The public will "not only let Bertie off the hook", he says with certainty, "but if he runs for president he'll probably become president. The most frequently-used expression at the tribunal was 'I can't recall that' or 'I've no recollection of that'. And people will have no recollection of any misdeeds and they'll say [cue Bertie voice]: 'Sure there's nobody better than Bertie to do the job, no better person for it, I mean who else is there? Bono?' It's like what Des Nealon was saying - when the actor comes through the door, you either have it or you don't. It's this thing of connectivity with people. And there is the deeper, almost tribal thing where you have a certain respect for the person at the top. They always say that when Bill Clinton came into the room, he was looking only at you. But if Bill Clinton came in as a busboy, or to clear the table, would he only be looking at you? It's that aura of power. If they were the Secret Millionaire, would they have the same connectivity? When Bertie came to the tribunal and was no longer taoiseach, there wasn't the same sort of aura surrounding him. He was no longer carrying 'the most powerful man in Ireland' cloak of state, but there was - and he can bring it on again - that sort of 'ah howya bejaysus' approach which you either have or you haven't."
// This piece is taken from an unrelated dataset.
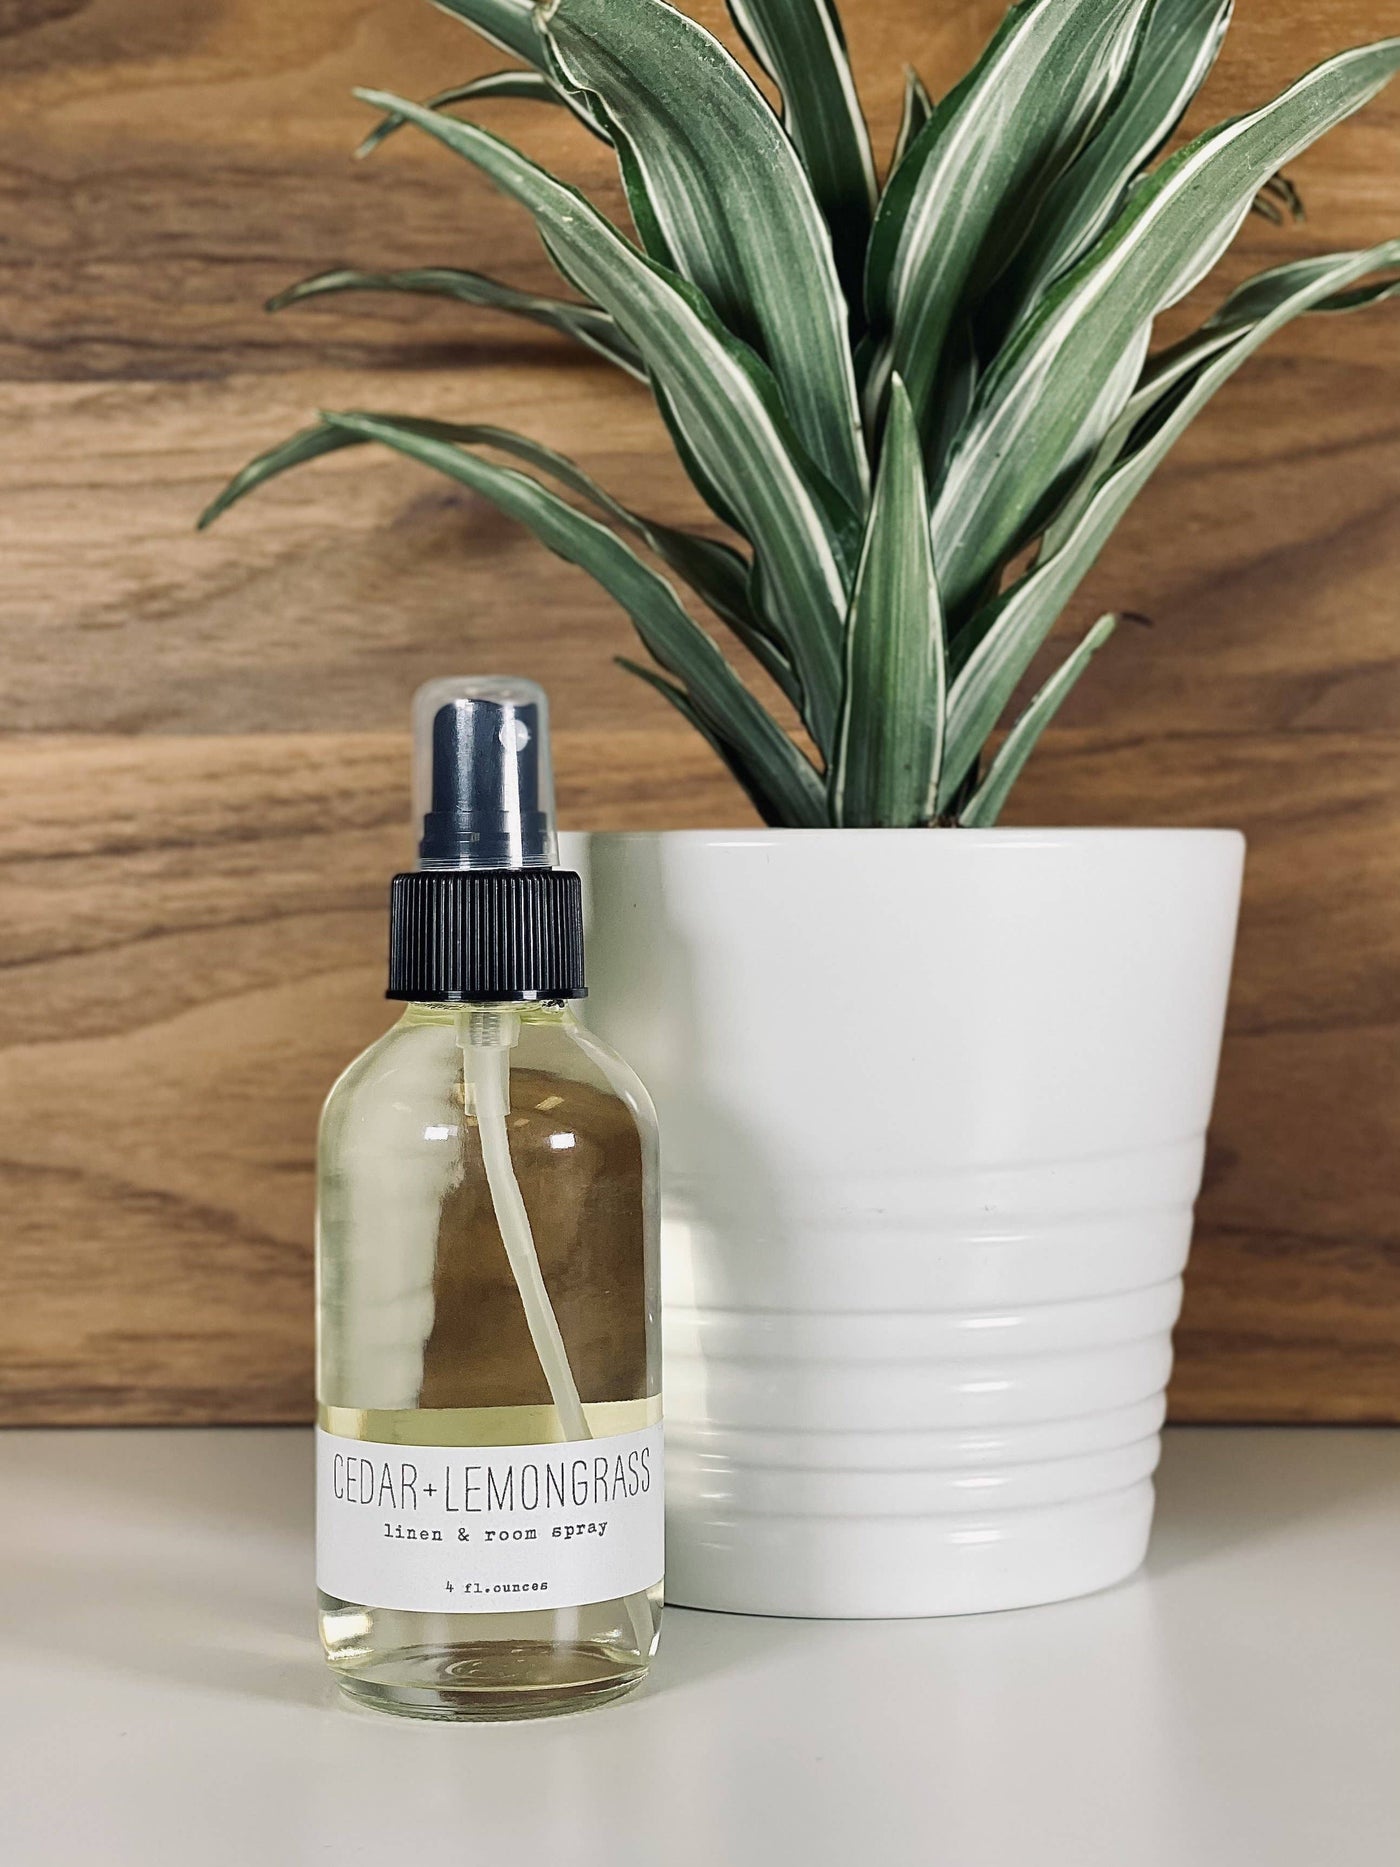 Linen & Room Spray - Cedar Lemongrass

While Bertie continues his lap of honour, Joe Taylor has acquired a hi-vis vest, a torch, protective masks and sampling equipment necessary to pin down suspect asbestos. He has passed his exams with the British Occupational Hygiene Society and is on a six-month apprenticeship. It's in the family; Margaret has been running her own company, Asbestos Analysis and Monitoring.
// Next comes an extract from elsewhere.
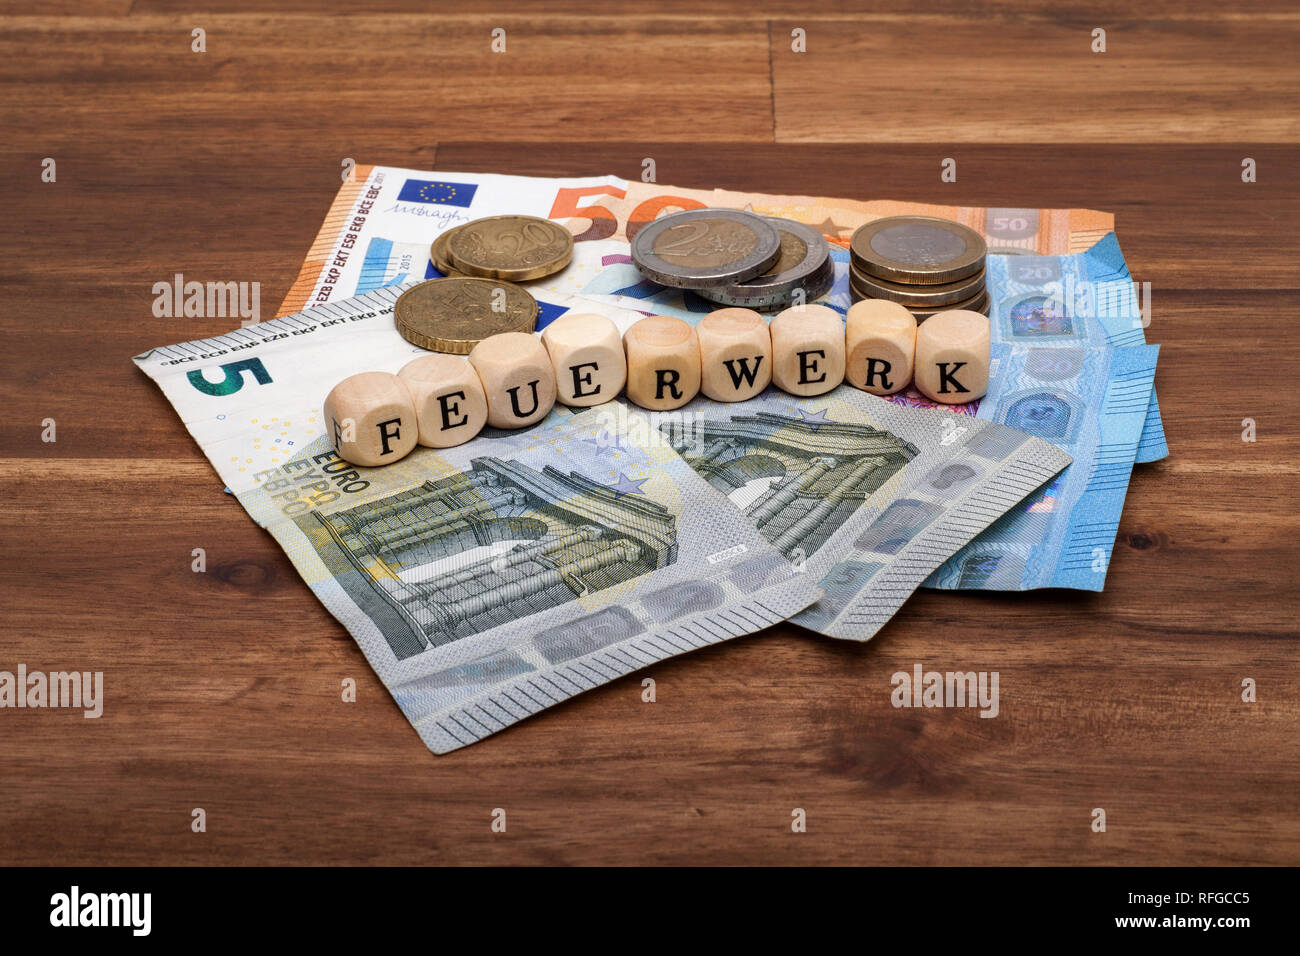 Die Euro Geldscheine und Münzen liegen auf dem Tisch mit dem Wort Feuerwerk Stock Photo

Clearly, it hasn't been a seamless join between tribunal lay-off and asbestos. Among the jobs he applied for was tour guide with the OPW, script editor with Fair City and radio critic with a newspaper. "There is definitely ageism if you're over 55. I know someone who was getting no replies at all to his applications until he omitted his date of birth."

But, he says cheerfully, asbestos brings you to places nobody else would ever go: such as "cellars no one has been for 20 years, with no electricity and rat-shit all over it". It's what he calls his "up" gene, the one that makes him an optimist, whatever the circumstances.

He's by no means giving up on the night job; he remains on the books of the Anne Curtis Agency: "And really, all actors have to have another job. Asbestos consultancy is just a posh way of being a waiter or a barman."